Physicians here saw the writing on the wall early about the coronavirus.

“We saw it coming. We saw it in New Orleans and Hattiesburg and knew it was a very insidious little virus and that it was going to creep into our community,” Mire said.

Mire, other physicians at the practice and its staff got to work marshaling the clinic’s resources and set up a testing center at its Natchez After Hours Clinic.

“We took a count of our PPE — personal protection equipment everyone has heard about now — and chose to direct what we have to our urgent care clinic and set up testing there because of the easy access into it from the parking lot.”

Mire said the supply chain for such protection gear for healthcare workers dried up quickly.

“There was no local supply chain. No one had anything. We couldn’t even go to the store and get extra sanitizer or sanitizing wipes because people had bought them up,” he said.

An assembly line of sorts for testing and treating patients has developed at the urgent care clinic.

“People call and we ask them to come in, but to call us when they get here,” Mire said. “We actually initiate evaluations while still in their cars. We place the mask on the patient while in the car, and have set aside a special room in the clinic for these patients.”

Patients are evaluated, tested for the flu first, have bloodwork and chest X-rays to rule out any other illness, and if they fit the criteria, they are tested for the coronavirus.

People who are not showing symptoms are not being tested, he said.

Mire said testing is also available at Merit Health Natchez, which has a screening protocol in place. Visit merithealthnatchez.com/covid-19 for instructions on testing at Merit Health Natchez.

“We are trying to all work together in the health care community in Natchez. We said early on, let’s be a partner” in how we respond to this in our community, he said.

Mire said the coronavirus test requires a special sponge-like swab and special transport medium and used those things, with the help of Natchez Pathology’s Steckler, to put those together as makeshift test kits.

“We scrounged up as many as we could,” Mire said. “Suzanne (Steckler) has been phenomenal.”

Mire and his partners identified two labs equipped to evaluate the tests accurately — Labcorp, headquartered in North Carolina and Quest, headquartered in New Jersey.

Mire and his partners chose Labcorp, but because the tests had to be sent to North Carolina, delays in results were as much as eight days.

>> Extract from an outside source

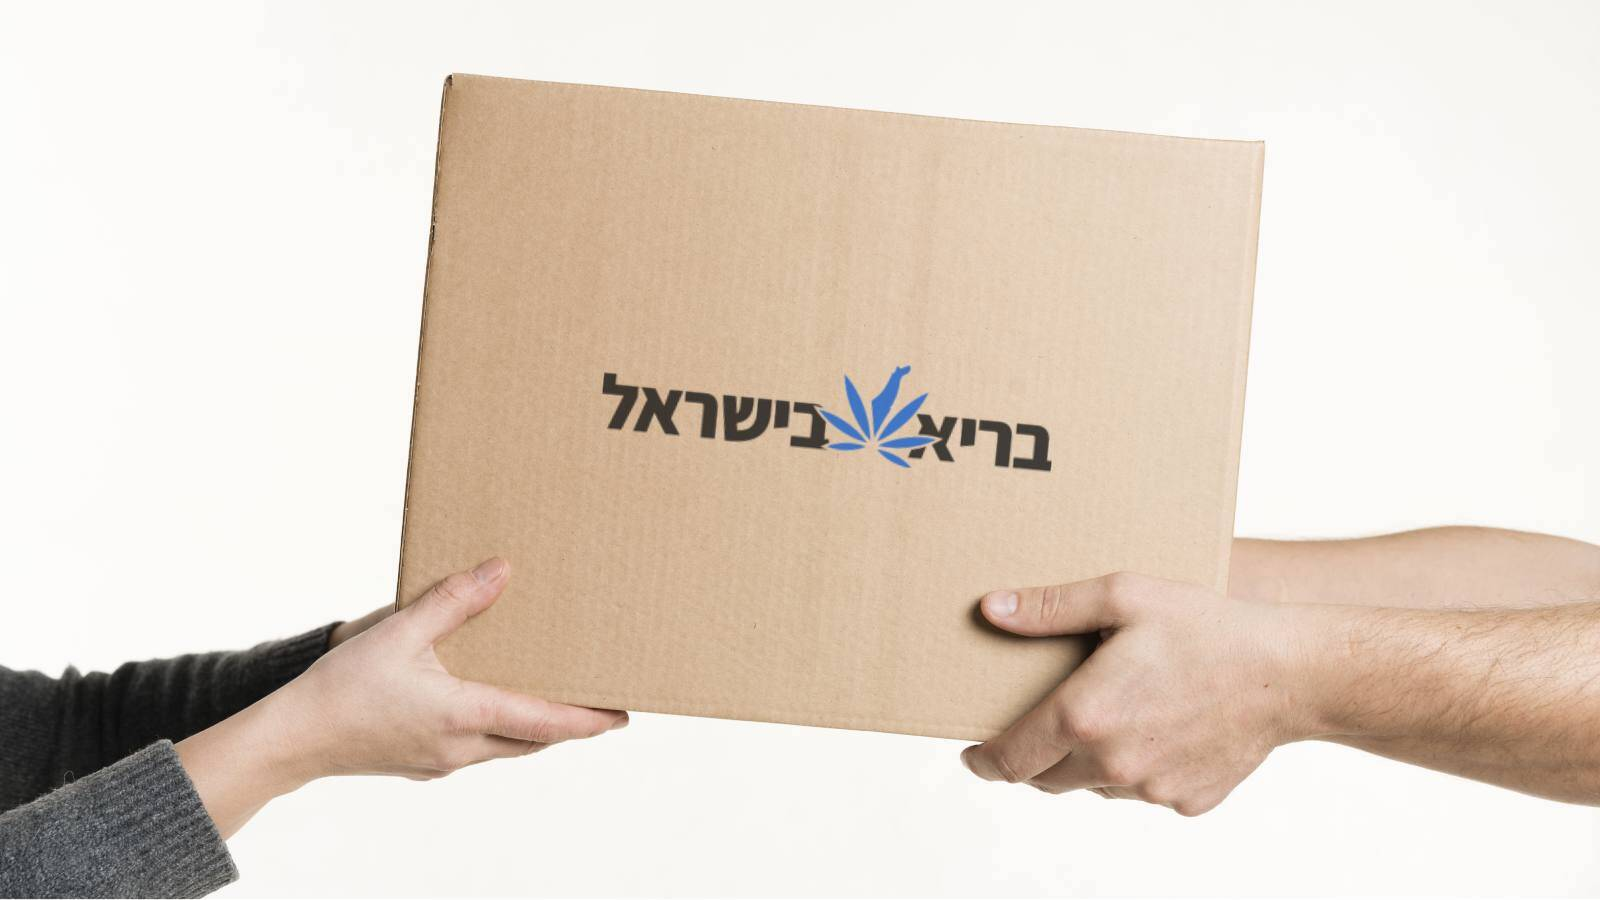 איך מחליפים ספק קנאביס רפואי? - בריא בישראל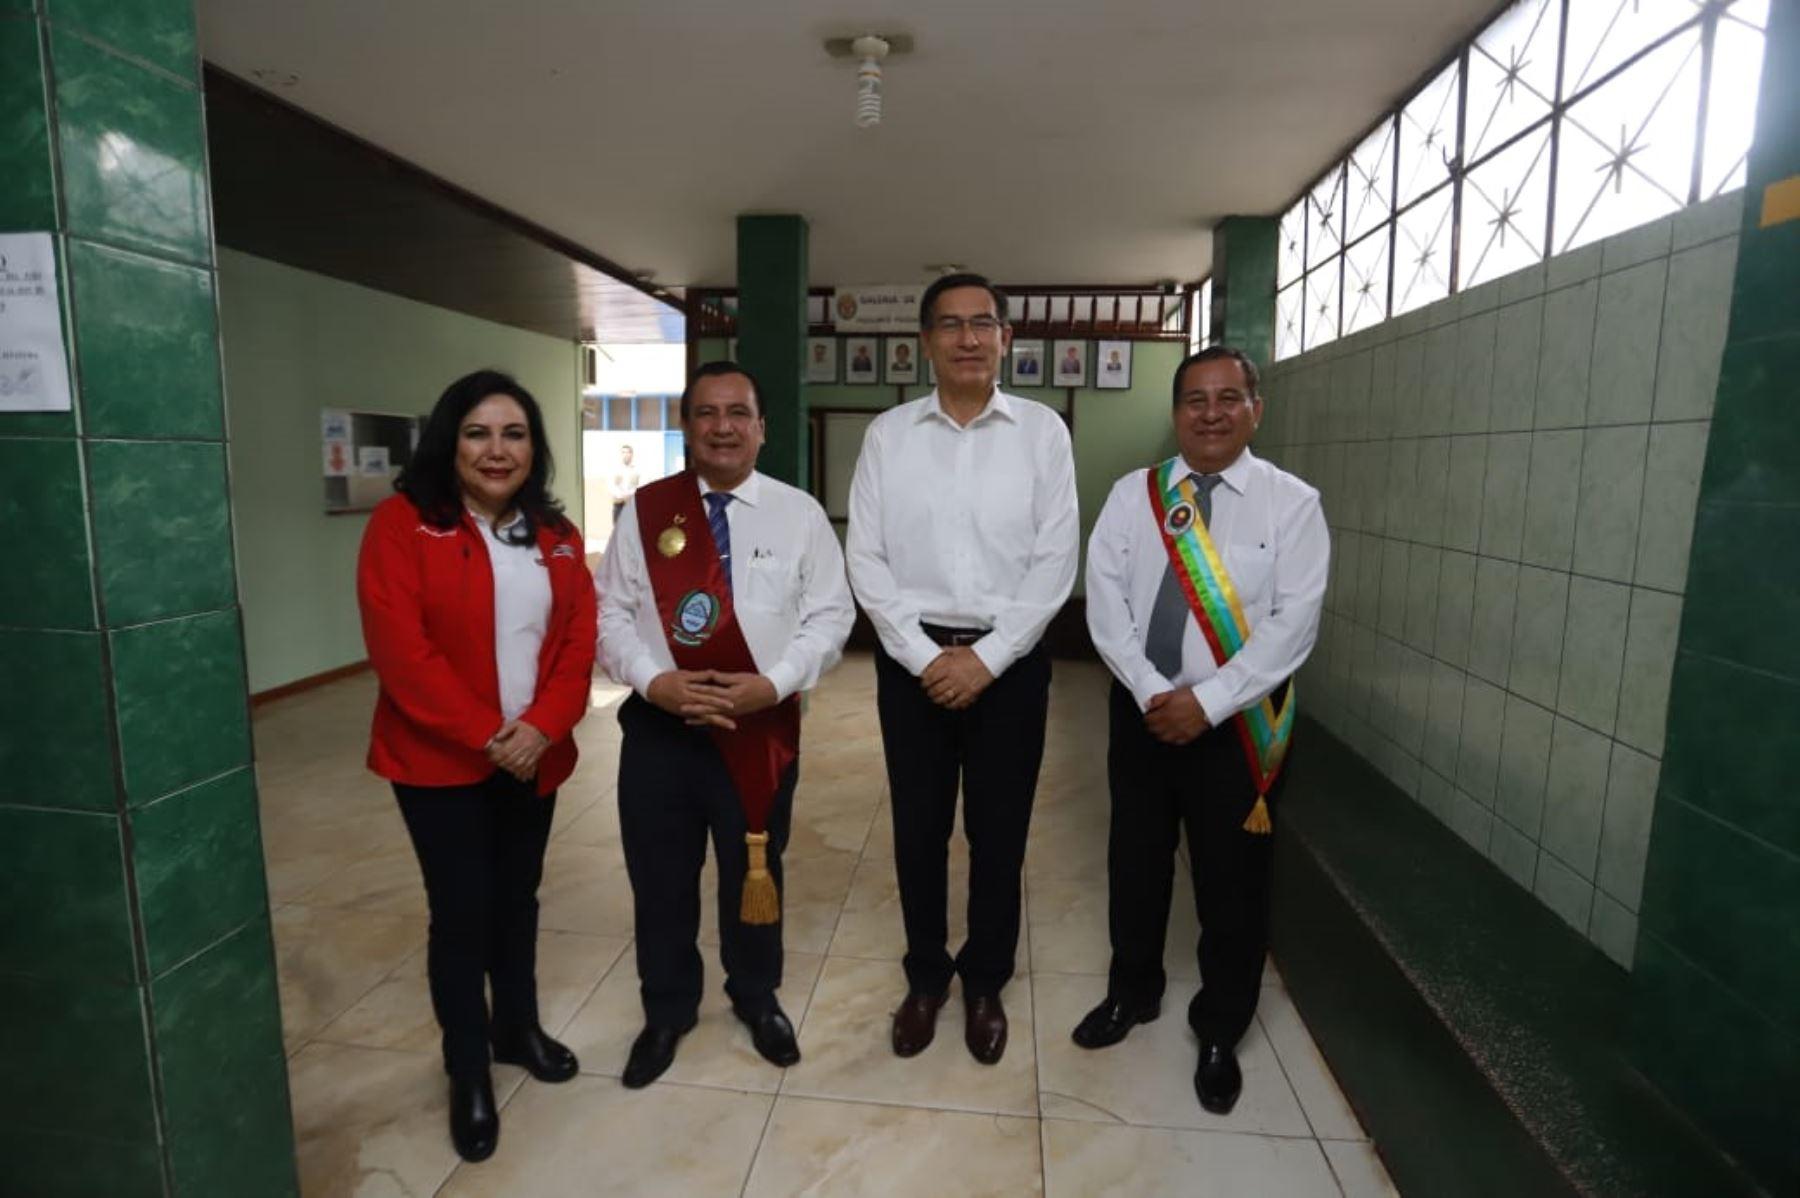 Jefe de Estado Martín Vizcarra se en encuentra en Pucallpa, región Ucayali, para participar en el aniversario de la ciudad y clausurar el I Congreso de Alcaldesas del Bicentenario. Foto: ANDINA/Prensa Presidencia

“We originally sent Labcorp 30 or so tests and expected a three- or four-day turnaround, but that turned into an eight-plus-day turnaround,” he said. “It’s really frustrating to patients and to us to wait that long for results.

“We have since found two additional labs that tell us they can provide 24- to 48-hour turnarounds. We will know tomorrow if that’s true,” he said.

Based on the few cases they know of here and how physicians’ offices are filling up around town with patients who have symptoms, Mire predicts there may be a couple of hundred people who are carrying the virus but are asymptomatic.

“They are walking around shedding the virus and they may go into a store and touch their face and touch a product and leave their fingerprints all over that store,” Mire said. “That’s why we are telling everybody we treat now to think about everyone around you as infected. Make sure to continue to clean your hands with hand sanitizer or if you have the opportunity, wash your hands thoroughly for 20 seconds and to stay at home.

“If I could, I would get in the car with a bull horn and drive around town shouting to everyone to stay at home,” he said.